I append below a sample of such Agreement.
The Confidentiality Agreement can be in your Company’s letterhead and address to the outsider who is interested to buy certain part of your business. Please get acknowledgement of receipt of this document from the interested party.
Sample of Letter Agreement:
Name & Address of Interested Buyer
Dear Sir,
Confidentiality Agreement
We refer to your expression of interest in acquiring our business in xxxxxxxxxx(“ the Business”) by way of your fax dated xxxxx . You acknowledge that during the course of anticipated discussions in relation to the possibility of your acquiring business ( “ the Proposed Transaction”), certain confidential information will be disclosed or made available to you or your Representatives.
In consideration of our agreeing to furnish you with such information as we may deem fit, and subject to such conditions as we deem fit to impose, you hereby acknowledge, agree and undertake to us as follows:-
(1) Any written and oral information now or hereafter furnished, disclosed or communicated by us or on behalf to you in connection with the Proposed transaction and the Business, its financial position, operations, assets, affairs, organization, dealings, prospect, customers/clients and officers ( the “ Confidential Information”) is confidential and that the Confidential Information shall be kept in the strictest confidence and will not be disclosed, divulged, copied reproduced in any form whatsoever or distributed, supplied or provided (directly or indirectly), in whole or in part, by you or on your behalf to any person without our prior written consent except where such disclosure is expressly permitted hereunder.
(2) You acknowledge the confidential nature of the Confidential Information and that damage could result to the Business or any of its associated or related Companies if such Confidential Information is disclosed, divulged, copied, reproduced in any form whatsoever or distributed, supplied or provided (directly or indirectly), in whole or in part, to any third person or used by any third person.
(3) The Confidential Information is to be used solely for the purposes of evaluating the Proposed Transaction and shall not used in a manner or for a purpose detrimental to us or any part of the Business or that of its related or associated companies.
(4) You will take all steps to minimize the risk of disclosure of the Confidential Information by ensuring that the Confidential Information may only be disclosed on a “need-to-know” basis to those directors, employees or advisors approved by us (“Representatives”) who are directly involved in the evaluation and negotiation of the Proposed Transaction and whose duties require them to possess the Confidential Information; and who (prior to such disclosure) has agreed in writing to keep the Confidential Information strictly and completely confidential and to be bound by and adhere to the terms herein as if they were a party hereto. In the event , you shall be responsible for any breach of the terms of this letter agreement by any of your Representatives and shall take measures (including but not limited to court proceedings) to restrain such Representatives from prohibited or unauthorized disclosure or use of the Confidential Information.
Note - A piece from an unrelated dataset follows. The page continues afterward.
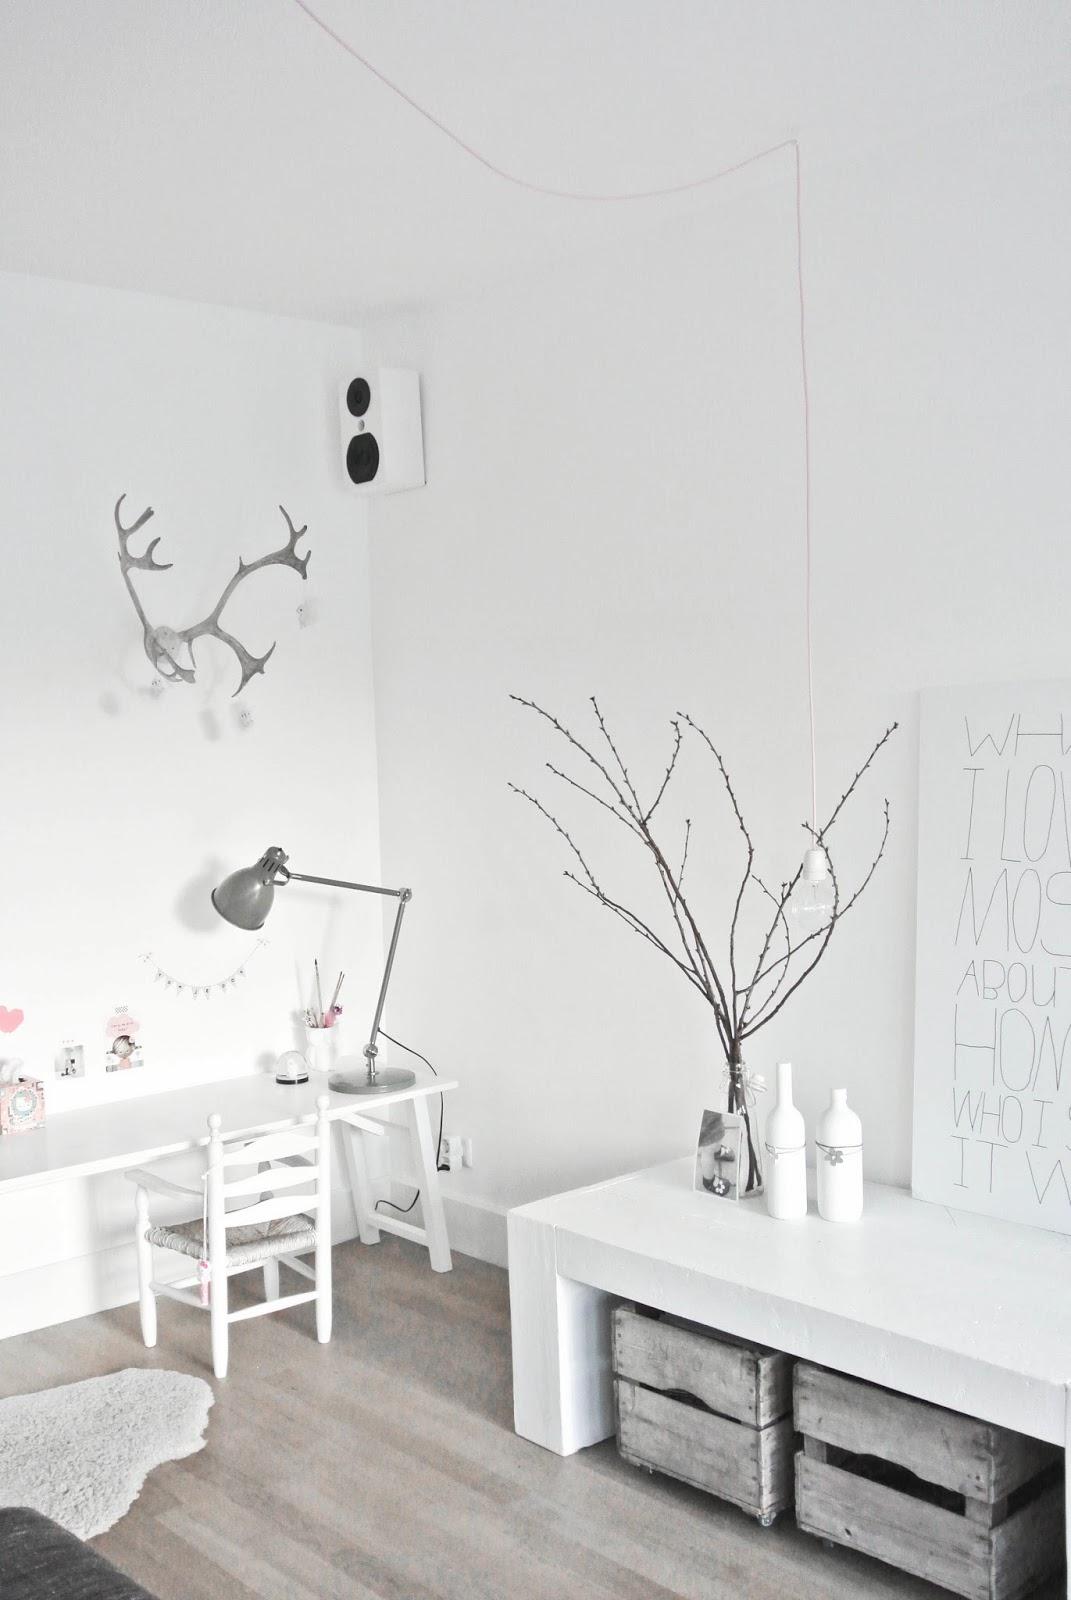 Woonkamer lamp idee ~ artikill.com

(5) Without our express written consent, you shall not, and shall procure that, none of your Representatives shall disclose to any person, publish any news releases or make any announcements or denial or confirmation in any medium in respect of the fact that the Confidential Information has been made available to you, that discussions or negotiations are taking place concerning a possible transaction or any of the terms, conditions or other facts with respect to any such possible transaction including without limitation, the existence of this letter agreement unless required by law.
(6) You shall also ensure the security and control of any Confidential Information which is in documentary or other tangible form by physically restricting the location and use of such Confidentiality Information to areas of restricted access in your premises and by storing such Confidential Information in a secured manner and place when the same is not in use.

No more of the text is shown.